MoNuSAC
MoNuSAC (Multi-Organ Nuclei Segmentation And Classification Challenge) consists of H&E stained tissue images of four organs with annotations of multiple cell-types including epithelial cells, lymphocytes, macrophages, and neutrophils with over 46,000 nuclei from 37 hospitals and 71 patients.
Raw data
Key stats
| Modality | Vision (WSI patches) |
| Task | Segmentation - 5 classes * |
| Data size | total: ~600MB |
| Image dimension | 113x81 - 1398x1956 |
| Magnification (μm/px) | 40x (0.25) |
| Files format | .svs or .tif images / .xml segmentation masks |
| Number of images | 294 |
| Splits in use | Train and Test |
* The fith class is "ambiguous" and doesn't contain a specific cell type.
Organization
The data is organized as follows:
monusac
├── MoNuSAC_images_and_annotations
│ ├── TCGA-5P-A9K0-01Z-00-DX1 # patient id
│ │ ├── TCGA-5P-A9K0-01Z-00-DX1_1.svs # tissue image
│ │ ├── TCGA-5P-A9K0-01Z-00-DX1_1.tif # tissue image
│ │ ├── TCGA-5P-A9K0-01Z-00-DX1_1.xml # annotations
│ │ └── ...
├── MoNuSAC Testing Data and Annotations
│ ├── TCGA-5P-A9K0-01Z-00-DX1 # patient id
│ │ ├── TCGA-5P-A9K0-01Z-00-DX1_1.svs # tissue image
│ │ ├── TCGA-5P-A9K0-01Z-00-DX1_1.tif # tissue image
│ │ ├── TCGA-5P-A9K0-01Z-00-DX1_1.xml # annotations
│ │ └── ...
Download and preprocessing
The dataset class MoNuSAC supports downloading the data during runtime by setting the init argument download=True.
[!NOTE] In the provided
MoNuSAC-config files the download argument is set tofalse.

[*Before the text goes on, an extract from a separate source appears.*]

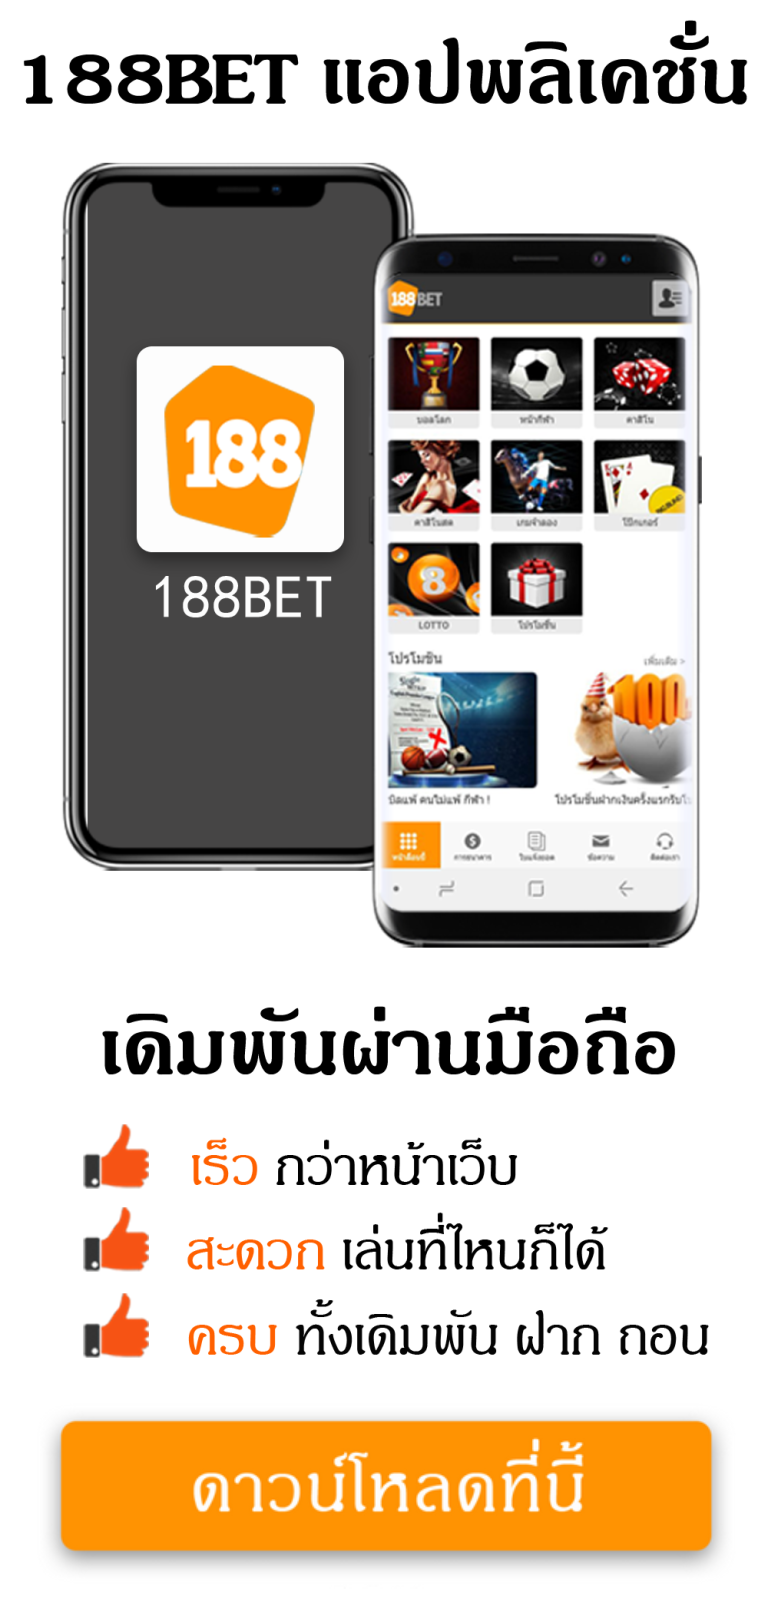 Mobile App v3 Revised - 188BET ดีไหม?

To enable automatic download you will need to open the config and setdownload: true.
Splits
We work with the splits provided by the data source. Since no "validation" split is provided, we use the "test" split as validation split.
| Splits | Train | Validation |
|---|---|---|
| #Samples | 209 (71%) | 85 (29%) |
Relevant links
License
The challenge data is released under the creative commons license (CC BY-NC-SA 4.0).